Rechaza, por otro lado, el consentimiento a la invasión física de la porción litigiosa por parte de la propiedad contigua que el juzgador de primer grado reconoce (la edificación de los edificios contenidos en dicha porción se remonta a la década de los sesenta del siglo pasado) en atención a que el demandante desconocía tales circunstancias puesto que heredó de su padre, y este de su abuelo, recientemente.
Recurre también el demandante la consideración como parte de la mercantil Cimenta 2 Gestión e Inversiones, SAU, habida cuenta de que su llamada al proceso se ha producido a raíz de la estimación de la excepción de falta de litisconsorcio pasivo necesario formulado por Formosa Dos, SL, lo que la ha colocado en una situación de privilegio al conocer al tiempo de su personación el contenido de las restantes contestaciones a la demanda.
II. Formosa Dos, SL, se adhiere al recurso formulado por el Sr. Darío.
Asimismo impugna el único pronunciamiento que puede perjudicarle, que es la imposición del pago de las costas causadas a los terceros llamados por ella al pleito, los hermanos Crescencia Cesareo Casimiro Constancio Borja Arturo.
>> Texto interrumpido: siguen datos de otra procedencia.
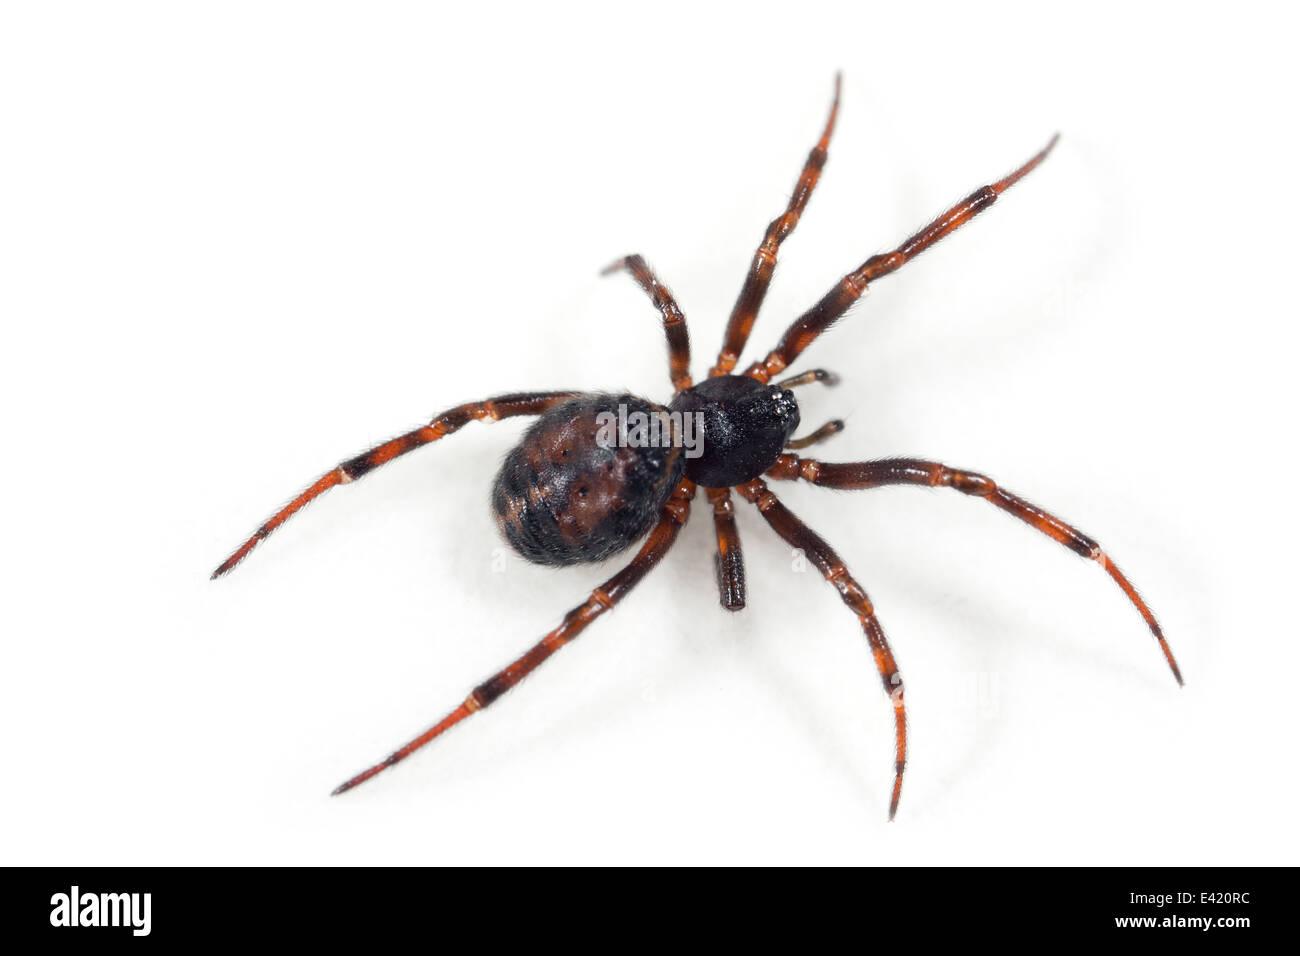 Female Steatoda bipunctata (Common false-widow) spider, part of the family Theridiidae. Isolated on white background. - Stock Image

III. Cimenta 2 Gestión e Inversiones, SAU, y Cajamar Caja Rural, SCC, se oponen al recurso formulado por el Sr. Darío, aduciendo, en primer término, y en lo que atañe a la llamada al proceso de la primera de las mercantiles apeladas reseñadas, que ninguna de las partes se opuso ni recurrió el acogimiento de la excepción formulada por Cajamar Caja Rural, SCC, a fin de que se llamase a la litis a Cimenta 2 Gestión e Inversiones, SAU. Llamamiento claramente procedente habida cuenta de que era ya titular de la finca litigiosa NUM000 al tiempo de formulación de la demanda (la había adquirido cuatro días antes en virtud de decreto de adjudicación).
Rechazan igualmente el argumento contenido en el recurso relativo a que solo se ejercitó una acción de deslinde, ya que basta leer la demanda para constatar que a la de deslinde acompañaban pretensiones declarativas y reivindicatorias.
Y en lo que atañe al fondo, se adhieren a lo razonado en la sentencia recurrida. Las edificaciones elevadas en la porción de terreno reivindicada datan de hace más de cuarenta años, por lo que fueron usucapidas por los titulares anteriores a Formosa Dos, SL, en concreto por el padre de los administradores de dicha mercantil, que compró en 1969. No siendo creíble que los causantes del apelante no se apercibieran del levantamiento o existencia de dichos inmuebles, circunstancia que, por otra parte, vincula a sus causahabientes.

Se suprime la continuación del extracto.